Hi Artur,
Thanks for the reply. I have attached the system logs. There was a disconnect at 10:54,
but no error that is different to the rest. I do see a whole lot of QEMU Guest Agent and
block_io errors in the system logs. Not entirely sure what this means.
Checking the vdsm logs at the time or the error, the only entry is the below:
“2020-09-18 10:55:57,081+0000 WARN (qgapoller/2) [virt.periodic.VmDispatcher] could not
run <function <lambda> at 0x7f2170395578> on
['d3838612-70bb-4731-a0d4-8f65d31b40a6',
'59a2f394-48fe-4bd9-91d6-08115f2eec0a',
'f81e3ab8-c1a9-4674-b238-7e229fd43e7c',
'42189fa1-4381-02c7-d830-20eac408da2c',
'423f1c57-f98e-707f-c0f9-d4958d3f0fec',
'64d1eabc-20ff-4288-98ff-dcfd120fe7d2',
'4218baf0-e2a1-42c7-2efd-077407f47b4d',
'42184650-5a60-5403-d758-840bdbf92dd8',
'492ea3fe-0a27-4dde-abf9-7d146ee1b988',
'4218df00-15cd-bdf9-efd9-c5ead49fd89c',
'9c373379-718b-4906-abc1-960fb1820c2d',
'b9441c7a-0bfd-4d41-a8de-ee24e4259b36',
'd810325a-1a45-4054-a870-c8c052a22354',
'42189d3f-4570-45ea-6e5a-94c85a5885a1'] (periodic:289)”
I am stumped. Do you think it is worth a shot increasing the vdsConnectionTimeout and
vdsHeartbeatInSeconds to 40 for testing purposes?
Thanks
Anton Louw
Cloud Engineer: Storage and Virtualization
______________________________________
D: 087 805 1572 | M: N/A
A: Rutherford Estate, 1 Scott Street, Waverley, Johannesburg
anton.louw(a)voxtelecom.co.za
www.vox.co.za
From: Artur Socha <asocha(a)redhat.com>
Sent: 18 September 2020 13:27
To: Anton Louw <Anton.Louw(a)voxtelecom.co.za>
Cc: users(a)ovirt.org
Subject: Re: [ovirt-users] Re: Random hosts disconnects
Hi Anton,
I am not sure if changing this value would fix the issue. Defaults are pretty high. For
example vdsHeartbeatInSeconds=30seconds, vdsTimeout=180seconds,
vdsConnectionTimeout=20seconds.
Do you still have relevant logs from the affected hosts:
/var/logs/vdsm/vdsm.log
/var/logs/vdsm/supervdsm.log
Please look for any jsonrpc errors ie. write/read errors or (connection) timeouts.

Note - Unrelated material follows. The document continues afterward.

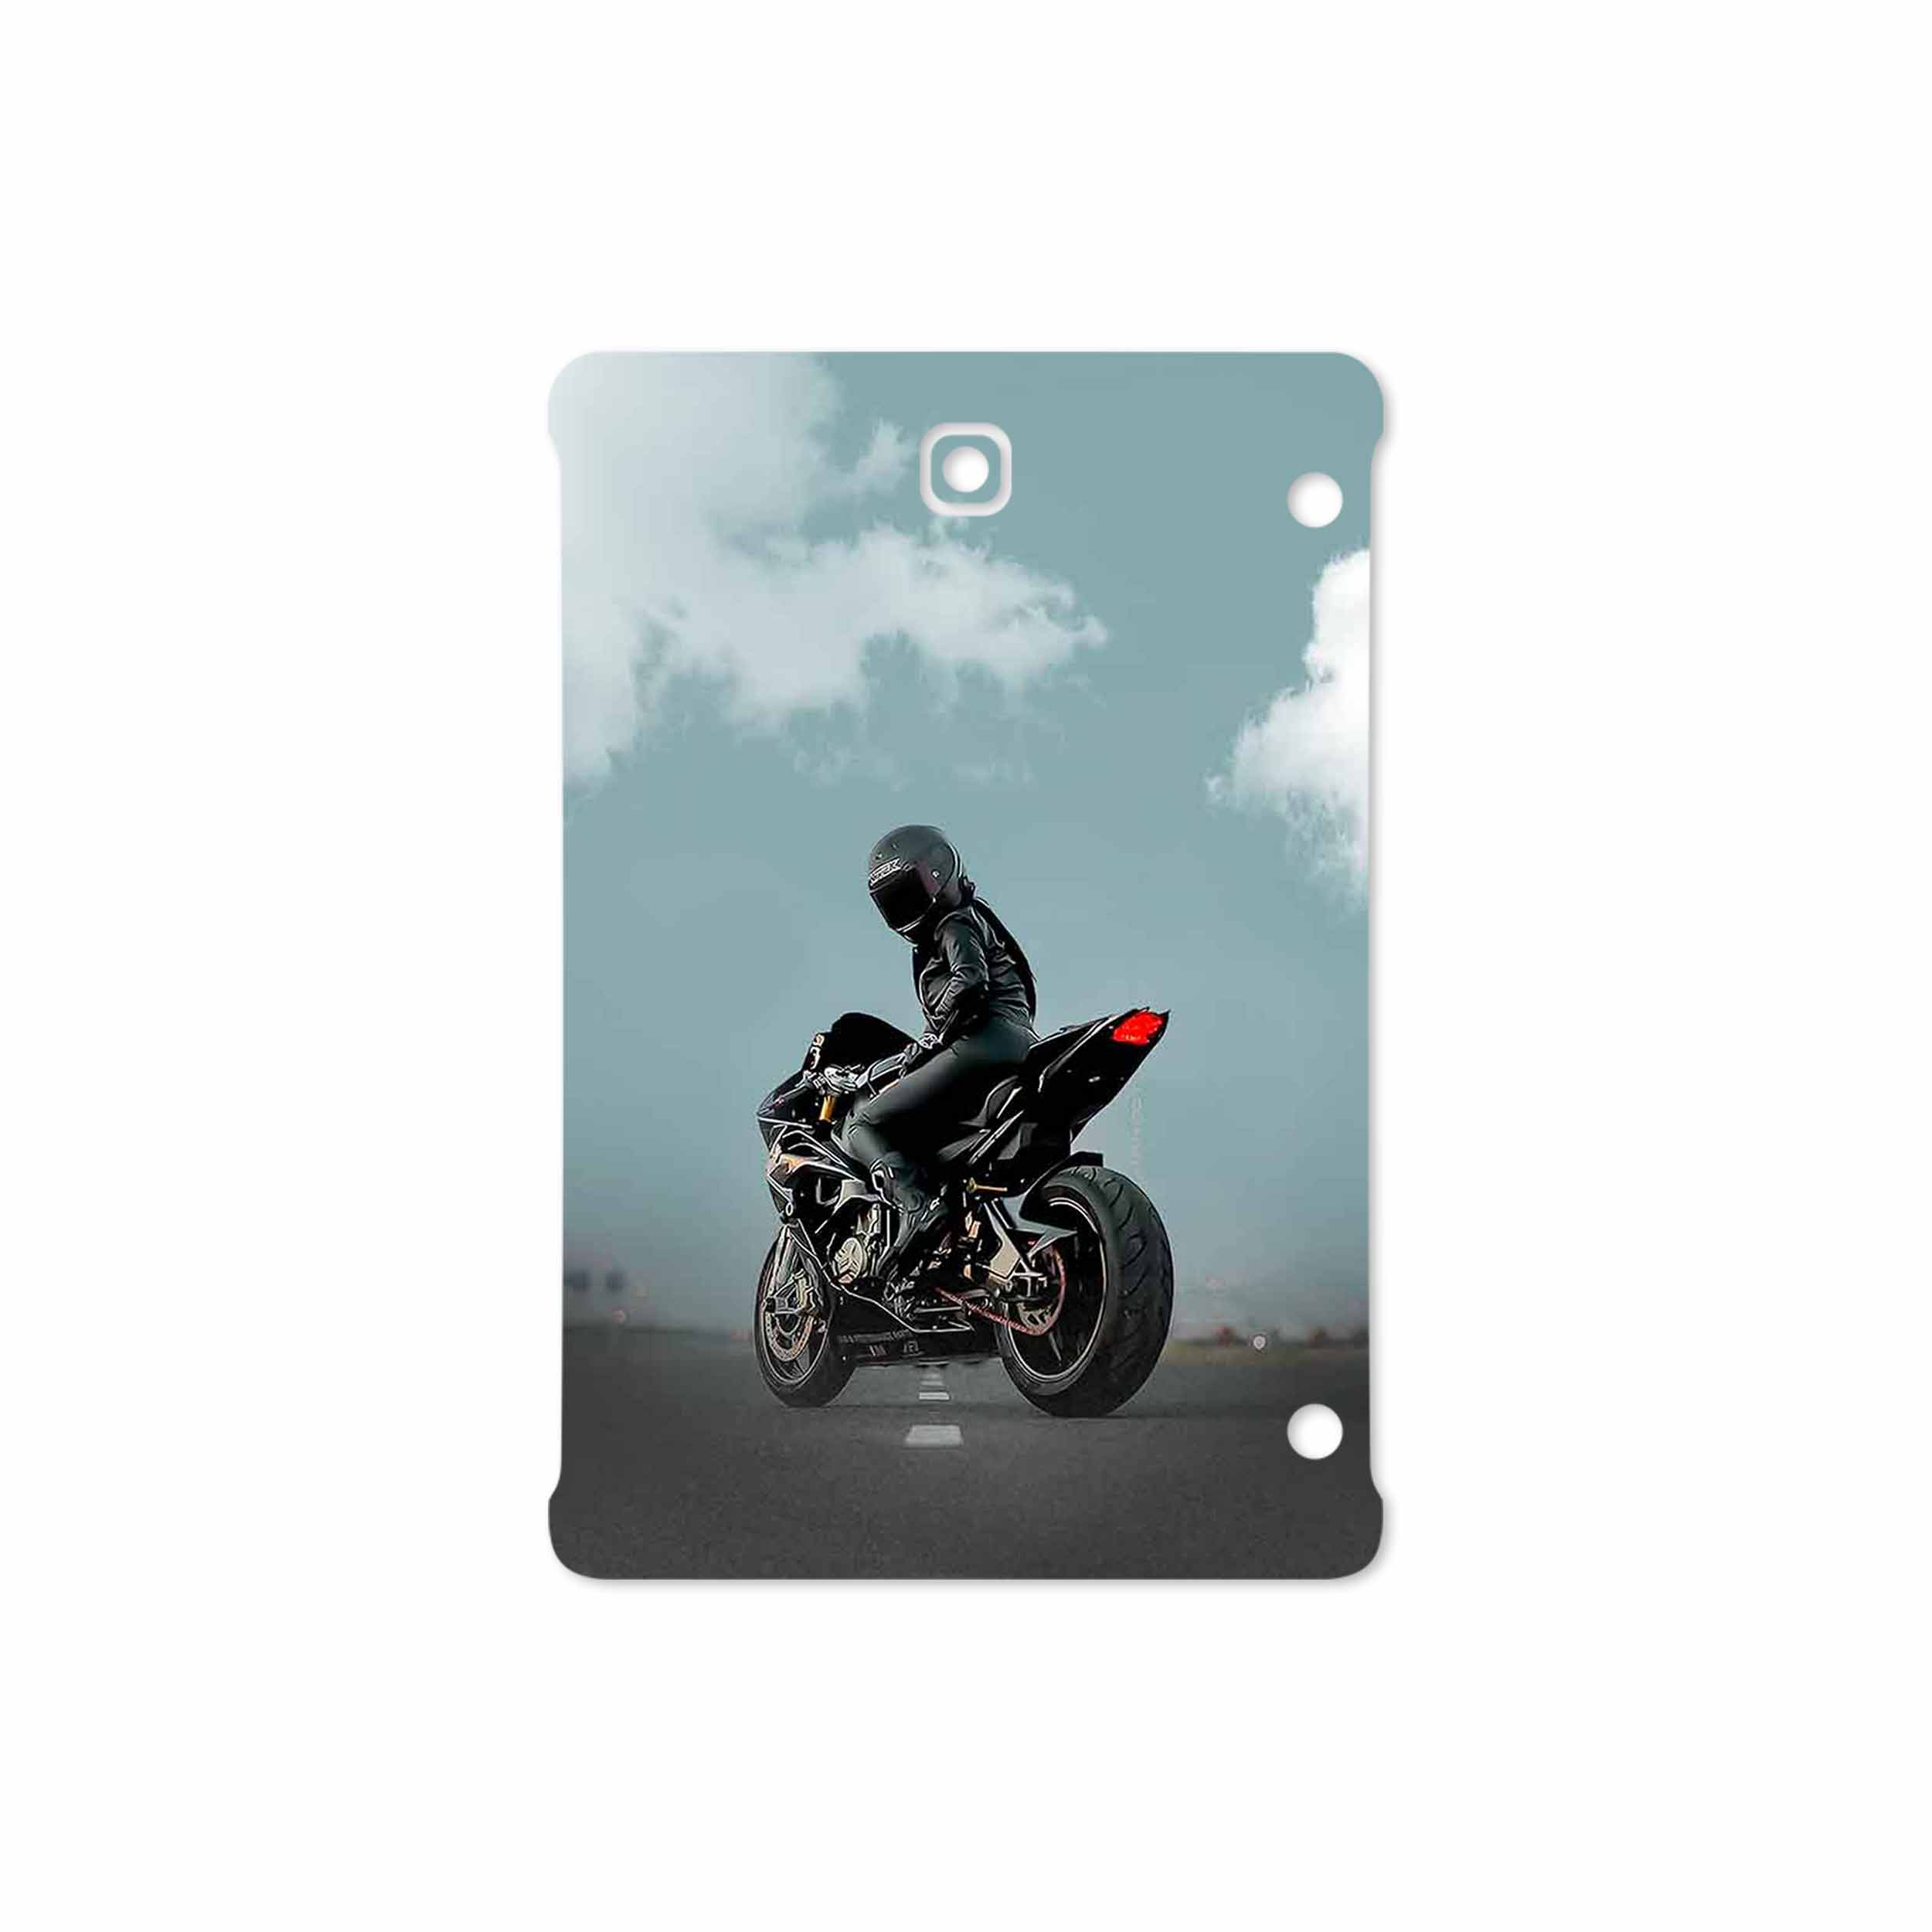 برچسب پوششی ماهوت مدل Motorcycling مناسب برای تبلت سامسونگ Galaxy Tab S2 8.0 2015 T710

Storage related warnings/errors might also be relevant.
Plus system logs if possible:
journalctl -f /usr/share/vdsm/vdsmd
journalctl -f /usr/sbin/libvirtd
In order to get system logs from particular time period please combine it with the
following example using -S -U options:
journalctl -S "2020-01-12 07:00:00" -U "2020-01-12 07:15:00"
I haven't a clue what to look there for besides any warnings/errors or anything else
that seems .... unusual.
Artur
On Thu, Sep 17, 2020 at 8:09 AM Anton Louw via Users
<users@ovirt.org<mailto:users@ovirt.org>> wrote:
Hi Everybody,
Did some digging around, and saw a few things regarding “vdsHeartbeatInSeconds”

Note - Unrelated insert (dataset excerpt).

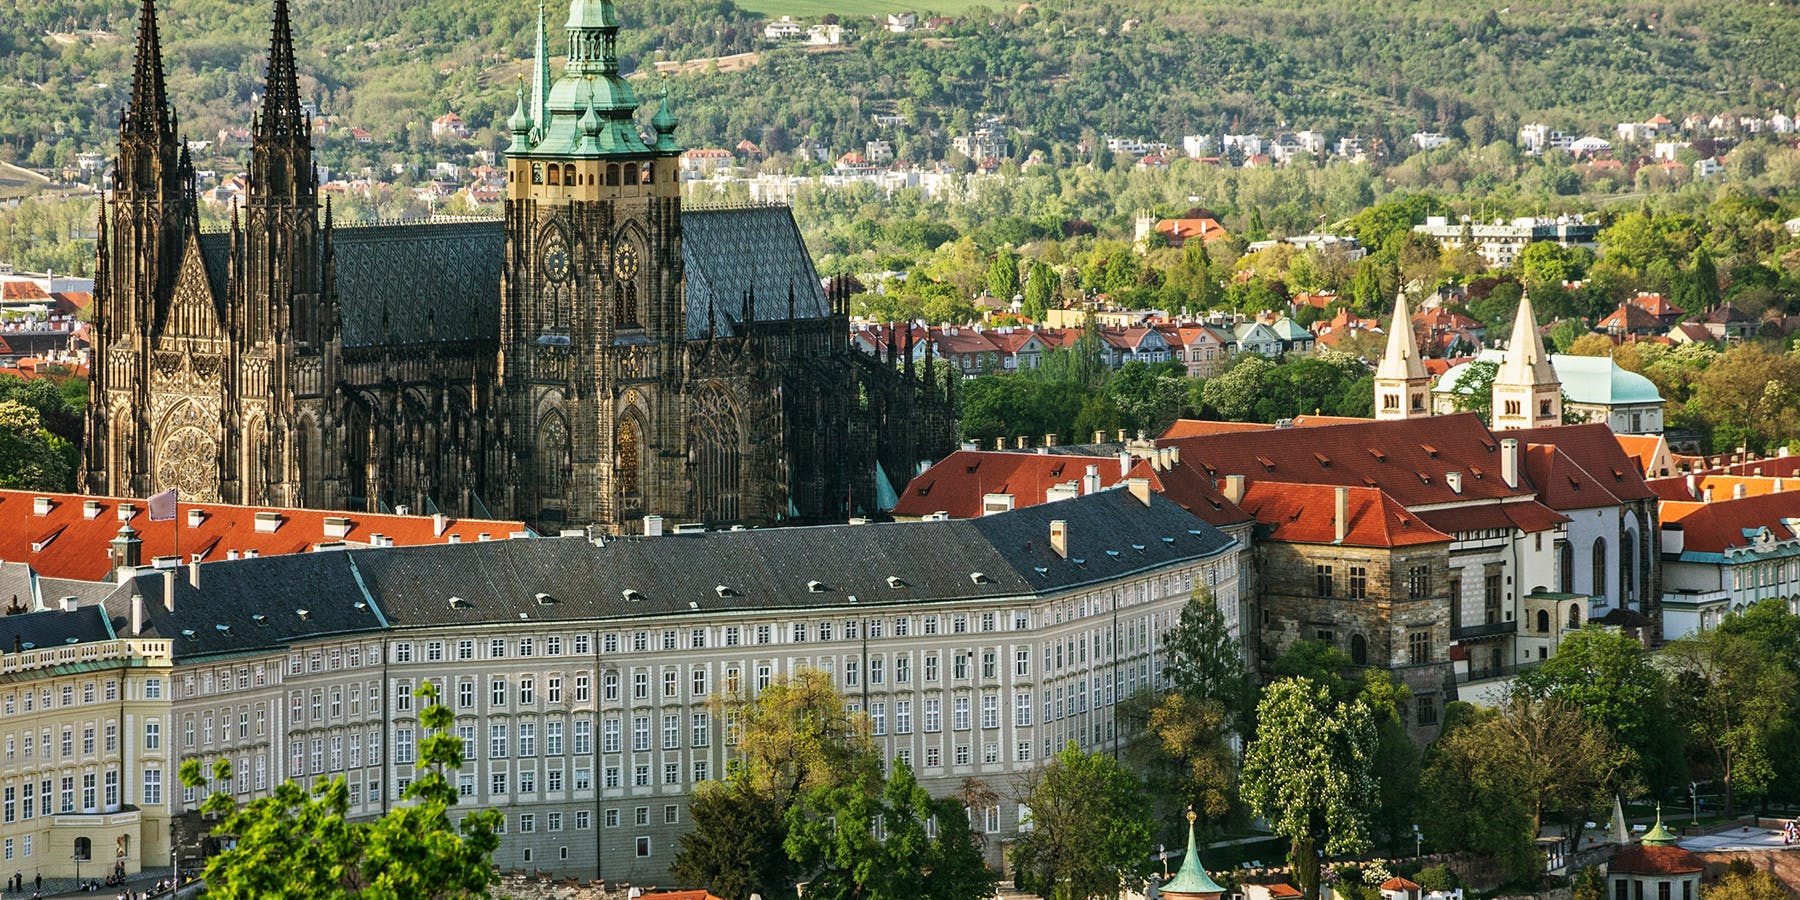 Visit Czech Republic's castle

I had a look at the properties file located at
/etc/ovirt-engine/engine-config/engine-config.properties, and do not see an entry for
“vdsHeartbeatInSeconds.type=Integer”.
Seeing as these data centers are geographically split, could the “vdsHeartbeatInSeconds”
potentially be the issue? Is it safe to increase this value after I add
“vdsHeartbeatInSeconds.type=Integer” into my
engine-config.properties<http://engine-config.properties> file?
Thanks
Anton Louw
Cloud Engineer: Storage and Virtualization at Vox
________________________________
T: 087 805 0000 | D: 087 805 1572
M: N/A
E: anton.louw@voxtelecom.co.za<mailto:anton.louw@voxtelecom.co.za>
A: Rutherford Estate, 1 Scott Street, Waverley, Johannesburg
www.vox.co.za<http://www.vox.co.za>
[
F]<https://www.facebook.com/voxtelecomZA>
[
T]<https://www.twitter.com/voxtelecom>
[
I]<https://www.instagram.com/voxtelecomza/>
[
L]<https://www.linkedin.com/company/voxtelecom>
[
Y]<https://www.youtube.com/user/VoxTelecom>
From: Anton Louw via Users <users@ovirt.org<mailto:users@ovirt.org>>
Sent: 16 September 2020 09:01
To: users@ovirt.org<mailto:users@ovirt.org>
Subject: [ovirt-users] Random hosts disconnects
Hi All,
I have a strange issue in my oVirt environment. I currently have a standalone manager
which is running in VMware. In my oVirt environment, I have two Data Centers. The manager
is currently sitting on the same subnet as DC1. Randomly, hosts in DC2 will say “Not
Responding” and then 2 seconds later, the hosts will activate again.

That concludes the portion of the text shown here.